Том 3. Все о любви. Городок. Рысь - Надежда Тэффи
Шрифт:
Интервал:
Закладка:
– Мне – десяточек огурцов.
– Десяток? Не многовато ли будет – десяток-то? Вам, виноват, на сколько же человек?
– На восемь.
– Так вам четыре огурца надо, а не десяток. Огурец ведь здесь не русский, здесь крупный огурец; его пополам разрезать – на двоих вполне хватит. А уж если пять возьмете, так уж это от силы. Я русский офицер, я врать не могу. А вам, сударыня, чего?
– Мне кулебяки на двадцать пять франков.
– Позвольте – да вам на сколько же человек?
– На десять.
– Позвольте – кроме кулебяки ведь еще что-нибудь подадите?
– Ну, разумеется. Суп будет, курица.
– Да вам если и без курицы, так и то на двенадцать франков за глаза хватит, а тут еще и курица. Больше чем на десять и думать нечего.
– А мне ваша хозяйка говорила, что надо на двадцать пять.
– А вы ее больше слушайте, она вам еще и не того наскажет. Я русский офицер, я врать не могу.
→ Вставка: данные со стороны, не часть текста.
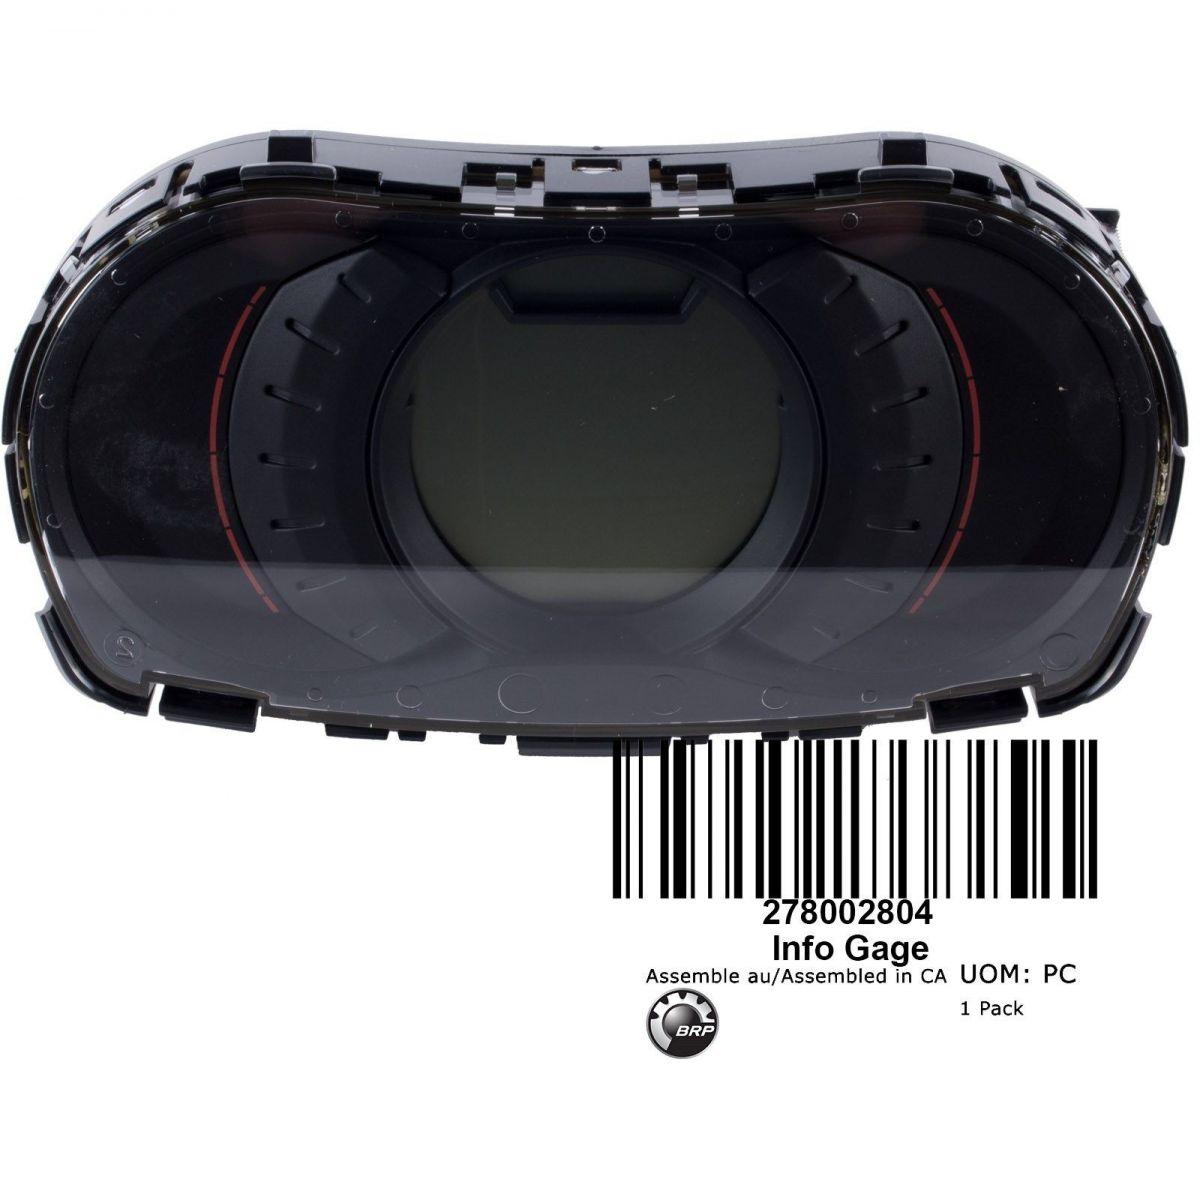 Painel Digital para Jet Ski Sea Doo GTS 130 2011/2012  278002804  - Radical Peças - Peças para Jet Ski

* * *Когда Григория Петровича выгнали (а произошло это приблизительно через два дня после начала его торговли), пошел он наниматься на автомобильный завод.
Раздул ноздри и сказал:
– Я человек честный, скажу прямо – делать ничего не умею и особых способностей не чувствую.
На заводе удивились, однако на службу приняли и поставили к станку обтачивать гайку. Точил Григорий Петрович четыре дня, обточил себе начисто три пальца, на пятый день пригласили его в кассу:
– Можете получить заработанные деньги. Григорий Петрович ужасно обрадовался:
– Уже? Знаете, у вас дело чудесно поставлено!
– Да, у нас это все очень строго.
– Подумать только – на других заводах не раньше как через пятнадцать дней, а тут вдруг на пятый.
– У нас тоже ведь не всем так платят, – объяснила кассирша.
– Не всем?
Григорий Петрович даже покраснел от удовольствия:
– Вот уж никак не думал… Я даже считал, что мало способен… Так, значит, не всем?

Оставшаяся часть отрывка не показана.